Prediction market platform Polymarket says it will fully compensate affected users after a compromised third-party vendor injected malicious code into its front-end. This has exposed some users to a phishing attack that blockchain security researchers estimate has been nearly exhausted 3 million dollars.
In a statement published on June 25Polymarket said it discovered the compromised vendor earlier today, removed the affected dependency, and contained the incident. The company added that it is communicating with the affected users and will refund their money in full.
The incident appears to have only affected users who interacted with the compromised front-end during the attack window rather than the platform’s underlying smart contracts.
A malicious script was inserted into a third-party compromise
According to Polymarket, the attack originated from a compromised third-party vendor who injected malicious script into parts of the platform’s front-end.
The company said it has since removed the affected dependency and contained the incident. However, it did not reveal the identity of the hacked vendor or issue a detailed technical post-mortem report.
The platform confirmed that it is working directly with affected users while it continues its investigations.
Security companies estimate losses at about $3 million
Blockchain security firm PeckShield reported that the incident appears to be a phishing campaign targeting Polymarket users.
According to their findings, the attackers were almost exhausted $3 million in PUSD From more than 11 wallets for victims Before transferring the stolen funds from Polygon to Ethereum.

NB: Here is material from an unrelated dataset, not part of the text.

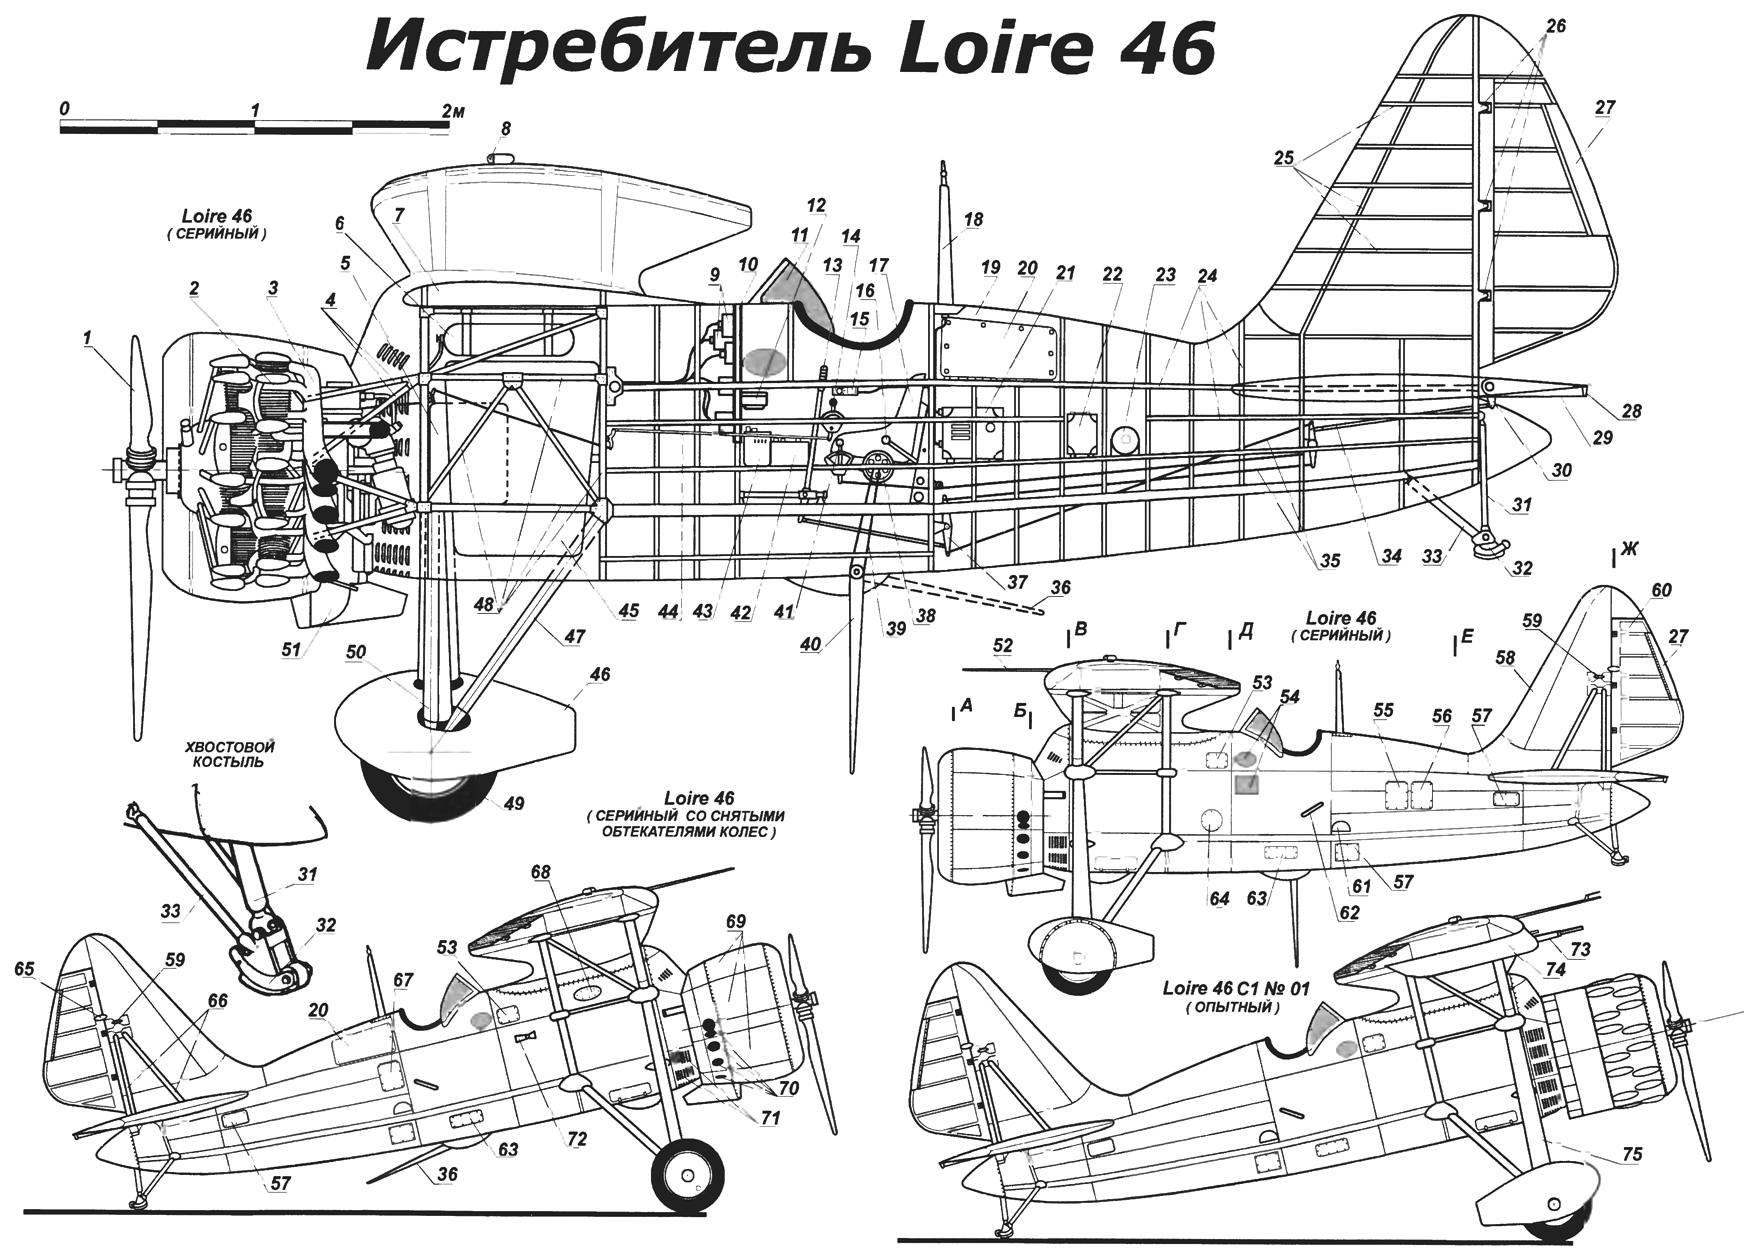 Одноместный подкосный истребитель-моноплан Loire 46

The attacker then exchanged the proceeds virtually, the researchers said 1,893 Ethereumand consolidate assets into a monitored Ethereum address.

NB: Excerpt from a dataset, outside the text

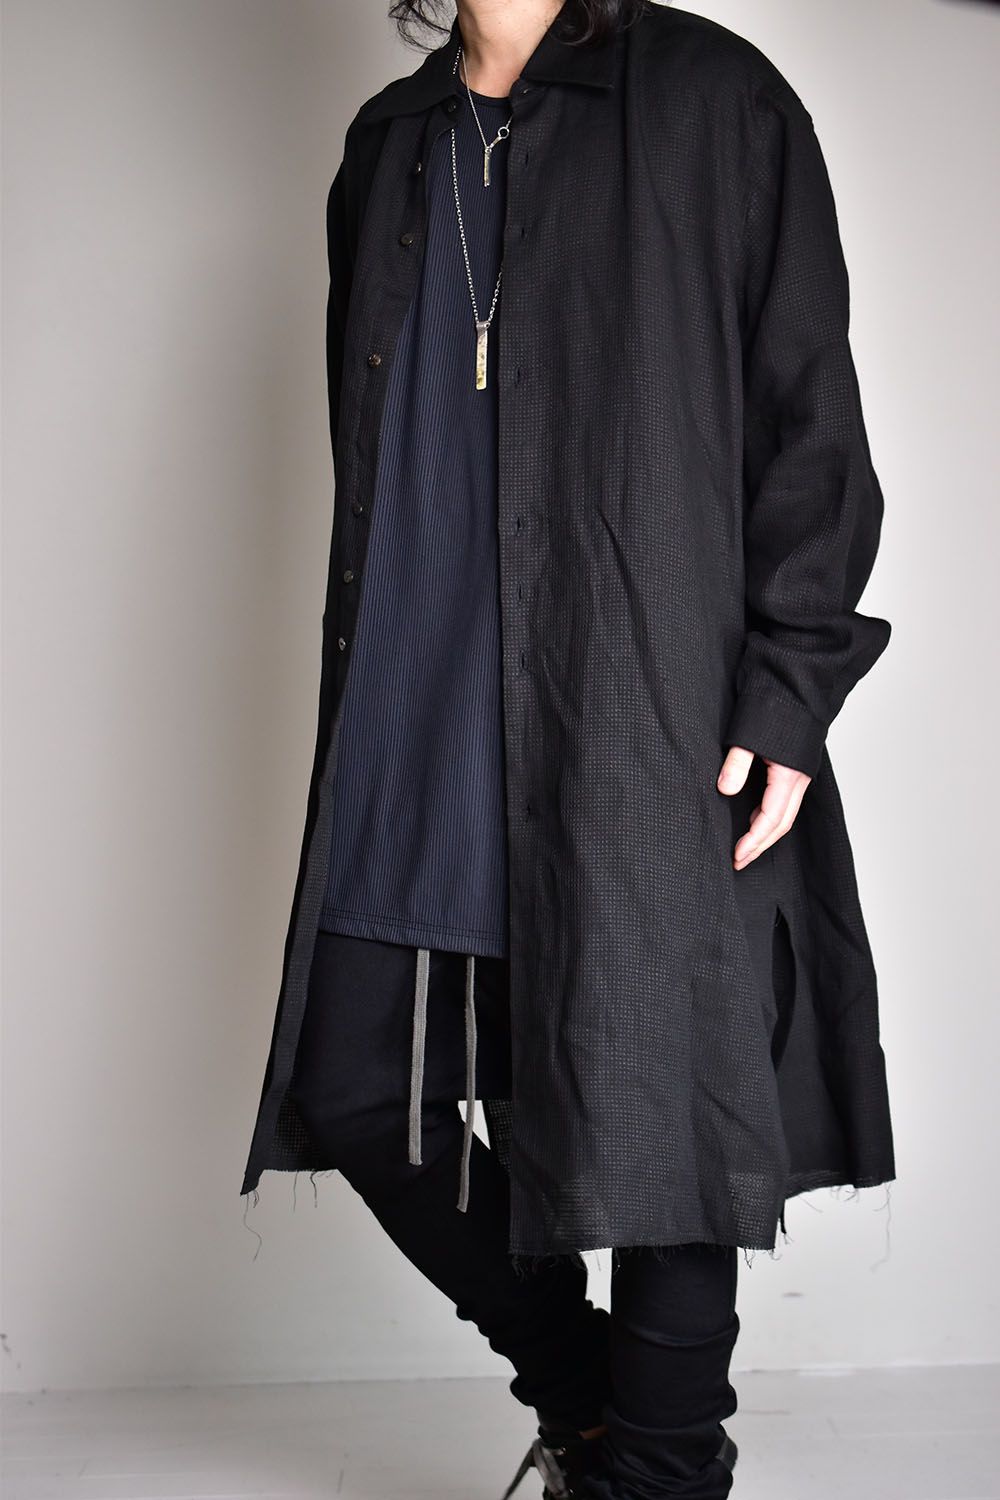 Azami Shirts"Black"/アザミシャツ"ブラック"

Polymarket has not publicly confirmed estimated losses or the number of portfolios affected.
The platform promises full payment
Unlike many phishing incidents that leave users liable for losses, Polymarket said it intends to compensate everyone affected by the attack.
The company said it is contacting affected users directly while it continues to investigate the breach.
No timeline has been provided for the reimbursement process or a full report on the incident has been released.
Final summary
- Polymarket says a compromised third-party vendor injected malicious code into the front-end and pledges to compensate affected users.
- Security researchers estimate that the phishing campaign stole approximately $3 million before the funds were transferred to Ethereum and transferred to Ethereum.